Task goal
The whole listing below is to be copied exactly, with every picture left out.

Source data

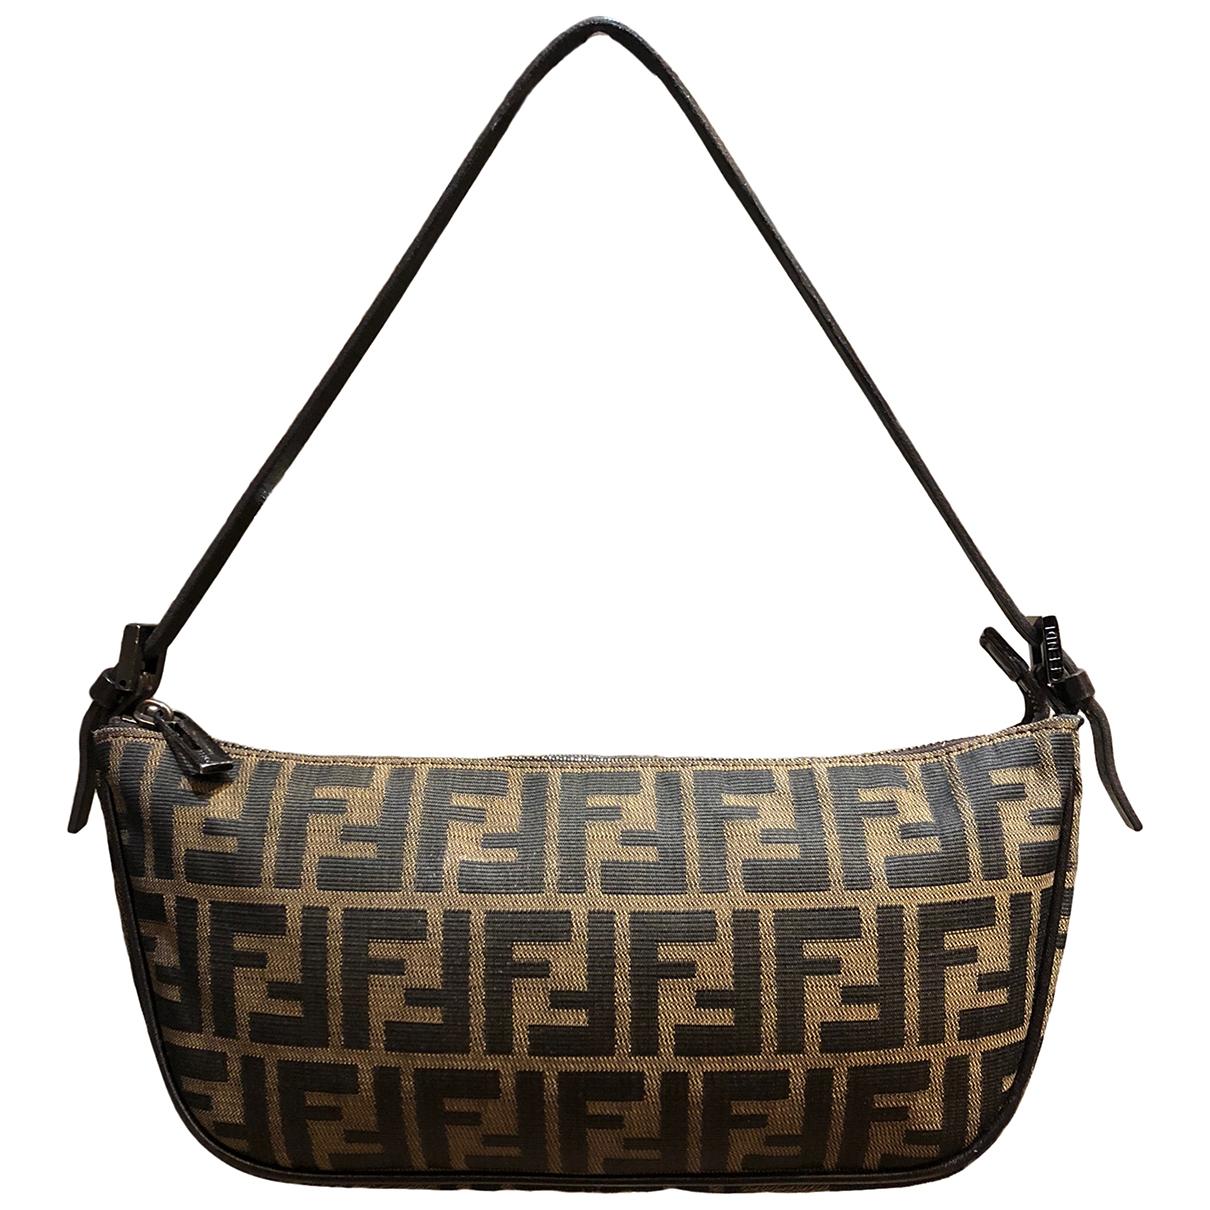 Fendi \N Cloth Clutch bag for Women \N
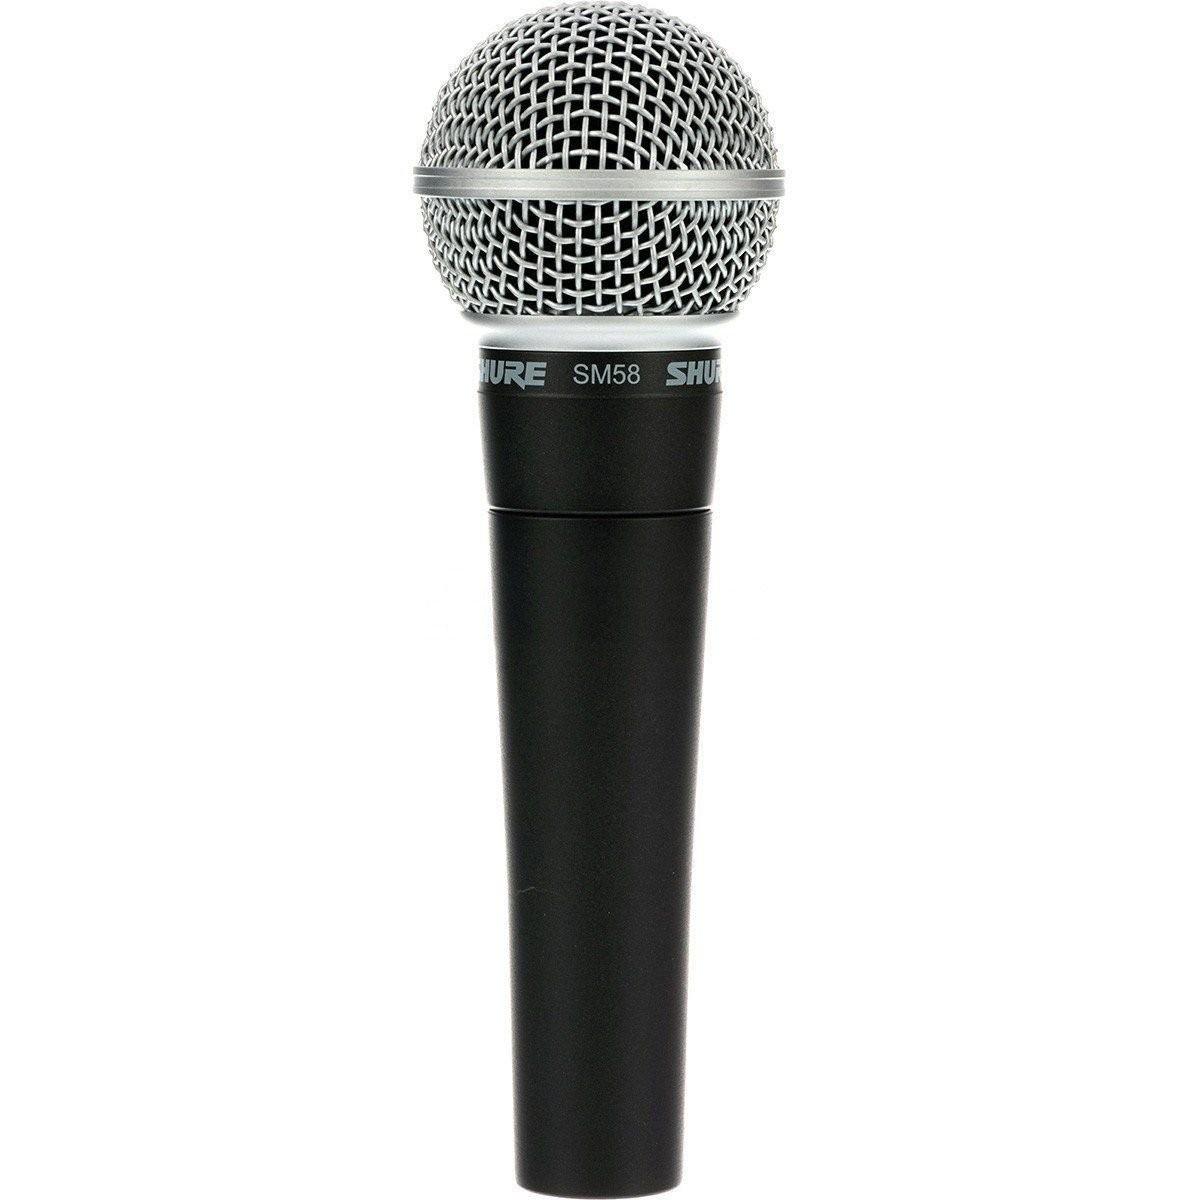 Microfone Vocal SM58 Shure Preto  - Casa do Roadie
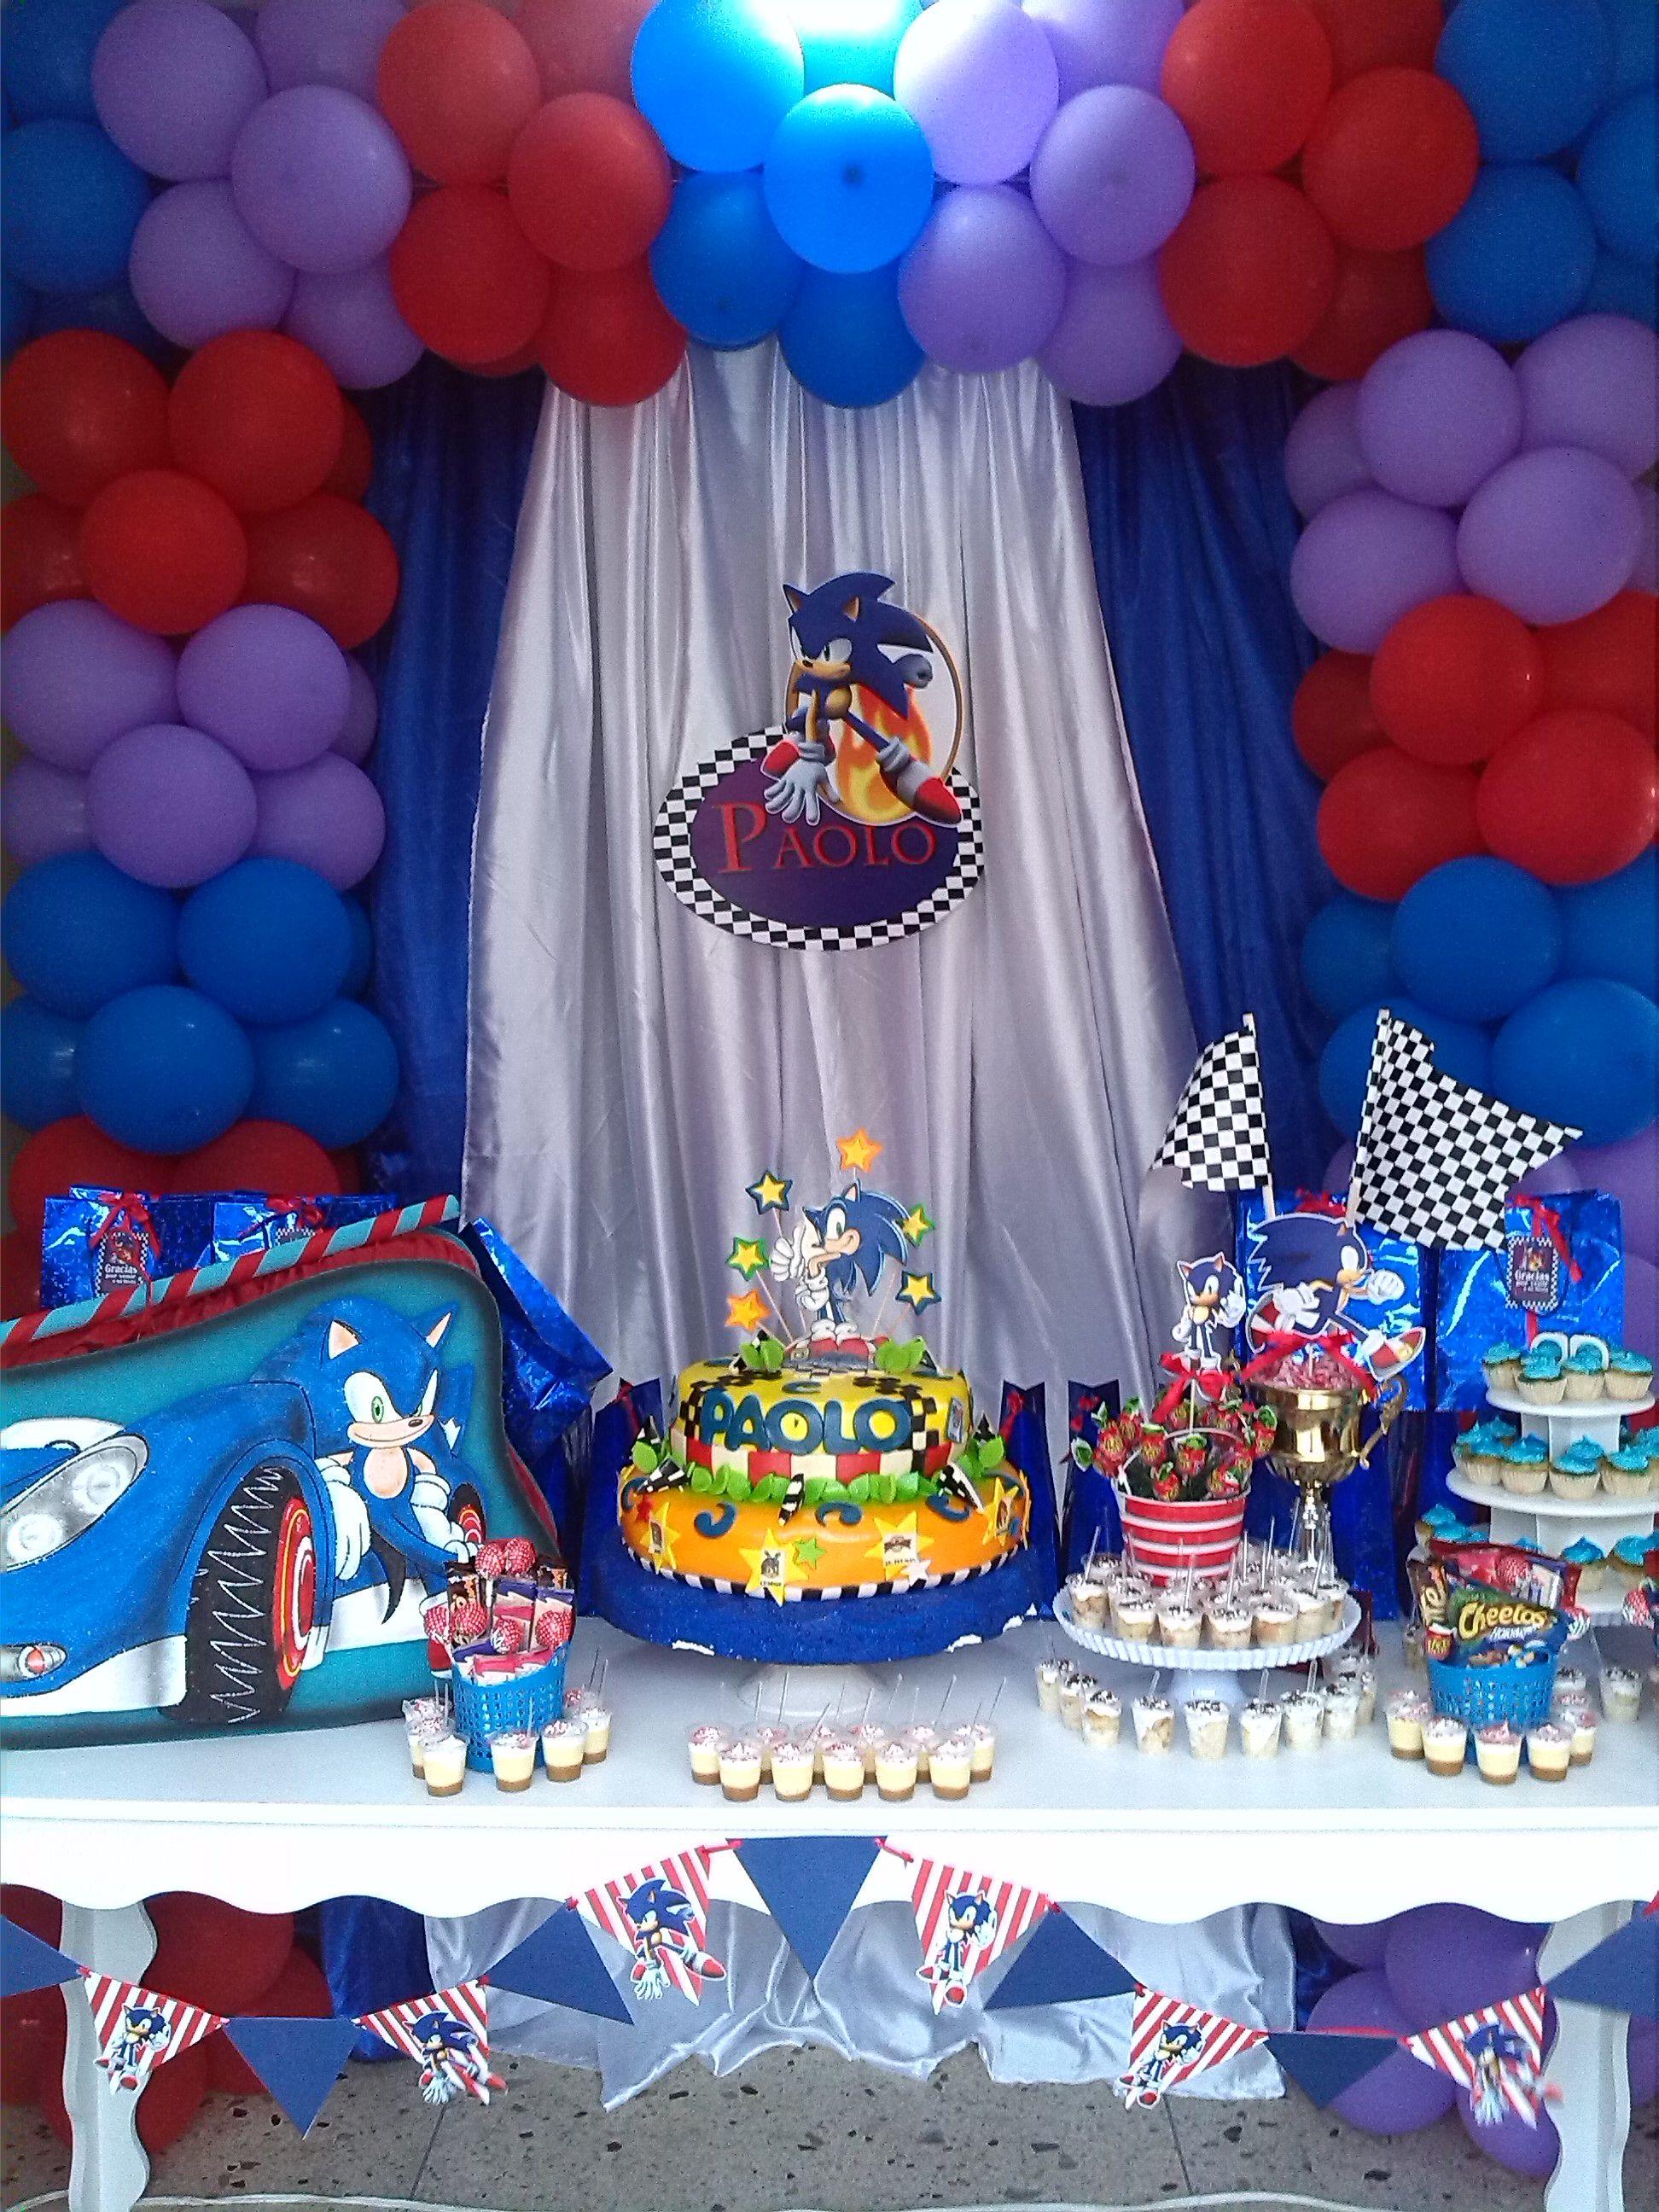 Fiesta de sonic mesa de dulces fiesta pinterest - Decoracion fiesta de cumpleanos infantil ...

Task solution
 Fendi \N Cloth Clutch bag for Women \N
 Microfone Vocal SM58 Shure Preto  - Casa do Roadie
 Fiesta de sonic mesa de dulces fiesta pinterest - Decoracion fiesta de cumpleanos infantil ...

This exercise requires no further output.